Neyse gecikmiş bir post oldu, ama değinmeden geçemeyeceğim. Sevdiğimiz dostlarımız var bizim, hayatımızda oldukları için şanslı olduğumuz dostlarımız.
Geçen cumartesi işe gelmedim (burnumdan fitil fitil geldi zaten), İstanbul'dan misafirlerimiz vardı. Dilek & Beren ve Neslihan & Utku Bora. Çok güzel iki gün geçirdik beraber. Hava şanslarına kapalıydı ama buna rağmen ıstakoz gibi yandık. Ece, misafirleriyle çok ilgilendi, oyunlar oynadı diyemem. Zaten ben Ece'nin hiç kendi kendine ya da arkadaşlarıyla oyunlar oynamasına şahit olmadım. Varsa yoksa ben.
Dilek ve Nesli benim forumdan arkadaşlarım. Geçen sene ben gitmiştim Elif'ime , bu sene Elif Malatya'ya taşınınca, önce Malatya'ya gittiler, ordan da buraya bizi görmeye geldiler. Hoş geldiler , sefalar getirdiler. Beren cimcimesi sarı şeker. Dilli, zilli çıtı pıtı bir prenses. Utkuşum da akıllı ama Neslim hamile olduğundan artık en ufak şeye de tahammülü kalmamış. Oysa hiç yaramaz değil benim oğlum.
Gelirken de elleri kolları dolu dolu geldiler. Elifim Malatya'nın meşhur meyvesinden yollamış. Ecimo'ya kendi yaptığı muhteşem parmak kuklalardan yollamış, Zehra teyzemin diktiği, kendisinin süslediği çok güzel anne -kız önlüğü yollamış, buzdolabı için puzzle magnetlerden yollamış yine kendisinin yaptığı, faaliyetlerde kullanmamız için bir sürü malzeme masa örtüleri ve aklıma gelmeyen bir sürü şey.Çok marifetli olduğunu söylememe gerek yok değil mi?
Dilek'im yine Ecimo'ya elbise ve ayakkabı getirmiş ama tahmin ettiğim gibi kızımın dombili ayaklarına olmadı. Bana çok şık bir kolye.

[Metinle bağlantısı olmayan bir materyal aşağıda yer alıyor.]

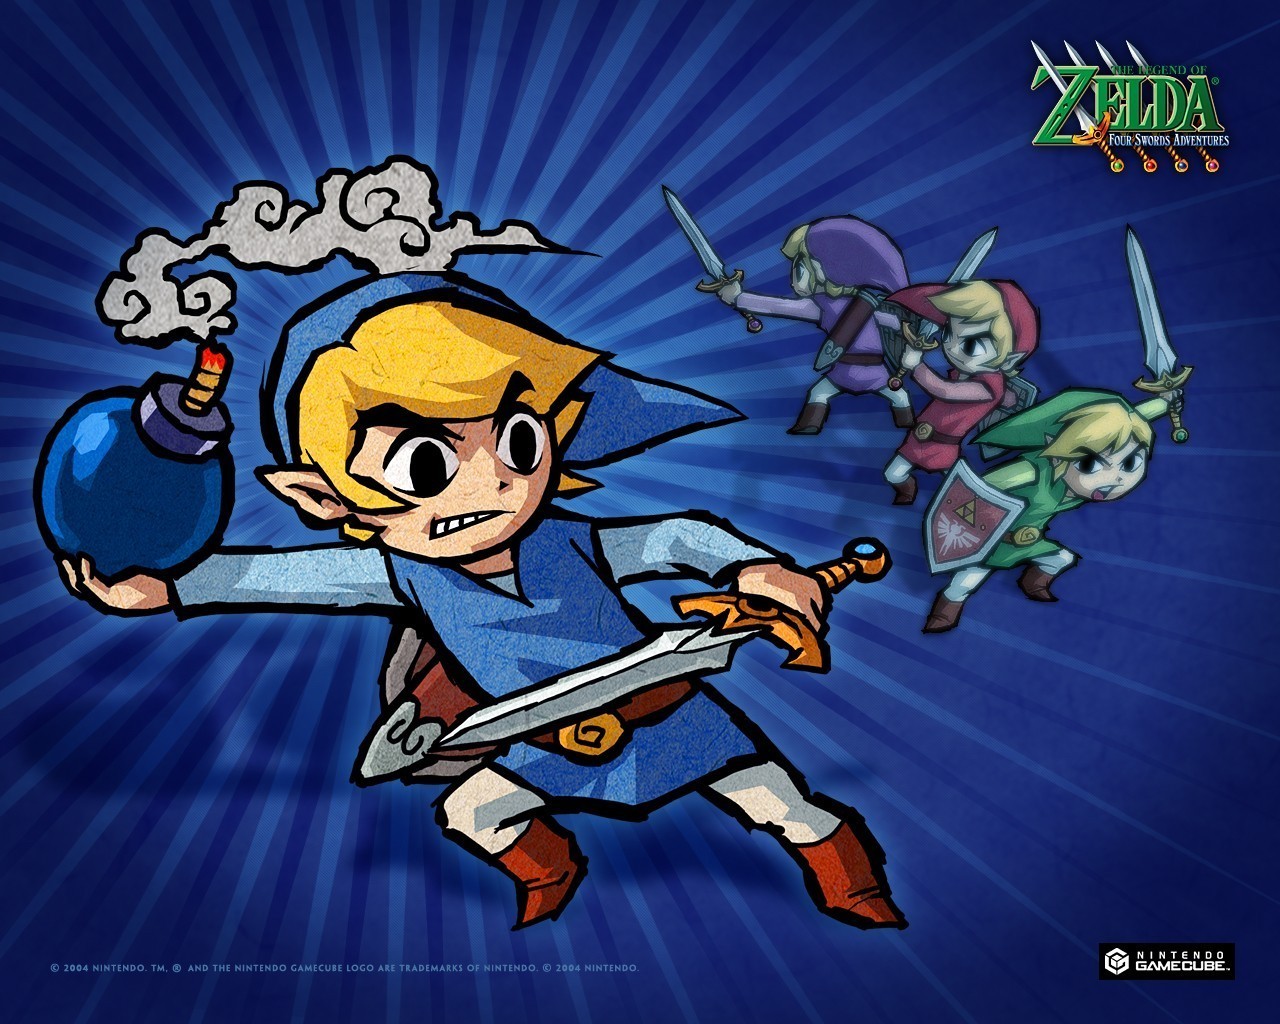 Four Swords Adventures Legend of Zelda Wallpaper

Neslim annemi unutmamış çok şık bir fincan takımı getirmiş.Annemde kaldığından fotosunu çekemedim.İşin ilginci biz hiç fotoğraf çekilmedik. Ayıp bize yahu.bir daha kim bilir ne zaman tekrar görüşeceğiz?
Bu arada Almanya'dan Naim amcamız geldi, Zeki amcamız geldi ve hediyeler de geldi tabi ki beraberlerinde.Kareye sığmayanlar da var.
Daha bitmedi. En son olarak birkaç gün önce elimize geçen hediyemiz, tatatataaam Nil teyzemiz yolladı. Üzerindeki notu görünce gözlerim doldu. Ece'ye arayıp teşekkür edelim deyince "beğenmedim geri gönder" dedi yalancı böcek. Halbuki içi gidiyor. Ece'nin en sevdiği şeyleri kitaplarıdır. Ona vereceğim en büyük ceza onu kitapsız bırakmaktır. Sonra Nil teyzemizi aradık. Kitapta su aygırının söylediği şarkıyı Nil teyzemiz bize canlı canlı söyleyince pek hoşumuza gitti ve biz de öpücük yolladık.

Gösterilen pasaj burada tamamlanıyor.